The annals of history are filled with many celebrity criminals. Most celebrity criminals attained their fame after being caught and have only been able to enjoy their status from behind bars. But this is not always the case. One of the most bizarre criminal cases in history involved a Japanese man named Issei Sagawa, who brutally murdered and cannibalized a woman. Although his crime is certainly shocking, what makes this case even more shocking is the fact that he was actually released from confinement and got to enjoy fame (or infamy) from it as a free man.

Issei Sagawa was never quite right in the head.

Sagawa was born a premature baby in Kobe, Japan in 1949 to a family of means and connections. From an early age, Sagawa knew that he wasn’t like the other kids. When he was in the first grade, Sagawa began seeing the other kids not simply as other children, but as food! To him, the urge to commit cannibalism was/is quite natural as he said in interview:

“I can’t fathom why everyone doesn’t feel this urge to eat, to consume, other people.”

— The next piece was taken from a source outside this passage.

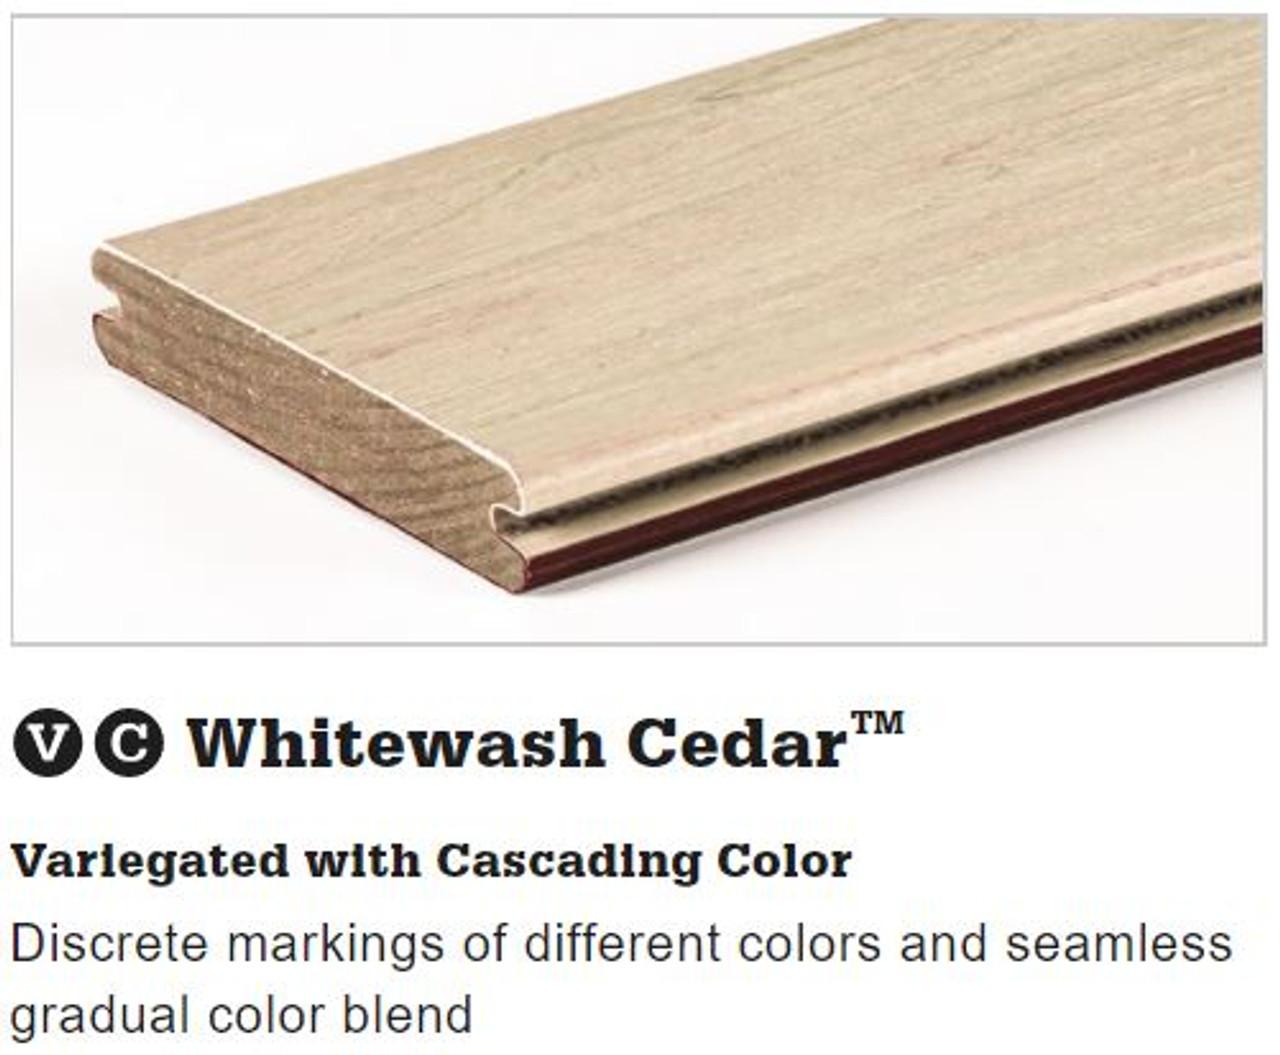 TimberTech Legacy Grooved Decking in Whitewash Cedar

For Sagawa, cannibalism and sexuality were intertwined and part of a fetish he continually fed internally, although he didn’t act on it in real life. To satisfy his twisted sexual desires, Sagawa sexually assaulted his family’s dog and then attacked a German woman with the intent to eat her. Although he was caught before he could kill the woman, the failure taught Sagawa how to commit a crime and allowed him to establish an M.O.

At four feet nine inches, Sagawa was very short (even for a Japanese person) and not particularly good looking. His physical qualities were always a source of pain for him and they are what drove him to strike out at society. He was particularly attracted to tall, good looking women and he wanted to gain those qualities through cannibalism.

Sagawa continued to put up a good public front and was able to secure a spot as a doctoral candidate in poetry at Paris’ Sorbonne University in 1977.

The first couple of years went well for Sagawa, but in June of 1981, he couldn’t wait anymore.

He had to eat someone.

He chose fellow student Renée Hartevelt as his victim. Hartevelt was everything Sagawa was looking for and everything he wasn’t: tall, attractive, and sure of herself. Sagawa invited Hartevelt to his apartment for dinner and to study. As the night progressed and the pair had a few drinks, the would-be cannibal jumped into action. He pulled out a hunting rifle from his secret spot and prepared to shoot her from behind but froze at the moment of truth.

“[It] made me even more hysterical and I knew that I simply had to kill her,” he later said about failing to murder his classmate.

Sagawa then invited Hartevelt over on the evening of June 11, 1981. Being familiar with the seemingly polite and gentlemanly Japanese student, she readily accepted.

This time Sagawa didn’t freeze.

He shot Hartevelt from behind, almost immediately raped her corpse, and then proceeded to slice pieces of flesh from her buttocks and other parts of her body. He continued to feast on Hartevelt for several days and was finally caught when he attempted to throw her remains in a lake. Sagawa confessed to murdering Hartevelt and cannibalizing her body. The only question now should have been not if he would go to prison, but how long he’d spend there.

But justice has a strange way of working in some nations.

The judge found Sagawa legally insane and therefore not liable for the crime under French law. He spent short time in a mental institution and was deported to Japan where many believed he would spend the rest of his life in a mental hospital. But since he hadn’t been convicted of any crime in France, there was little that could be done to Sagawa under Japanese law.

He simply signed himself out of the hospital and walked into Japanese society a free man.

The case caused just as much of a stir in Japan as it did in France, and most Japanese were sickened by Sagawa’s attack. But Japanese culture is such that following societal laws is perceived as a virtue and there is a high degree of trust, so the cannibal’s life was never seriously threatened by vigilantes. He was free to live openly, gave plenty of interviews, wrote some columns, and even did a little acting.

As the 2000s came though, Issei Sagawa’s celebrity status began to wane considerably. A young or even middle-aged cannibal might be interesting, or even sexy to some, but an elderly cannibal is just plain creepy. He now lives on public assistance, but still gives interviews to those willing to listen. And according to a 2017 interview he gave, his cannibalistic impulses continue to be strong in his old age.

“The desire to eat people becomes so intense around June when women start wearing less and showing more skin,” Sagawa said. “Just today, I saw a girl with a really nice derrière on my way to the train station. When I see things like that, I think about wanting to eat someone again before I die.”

Hopefully for the women of Japan, he’s too old to pull off another attack.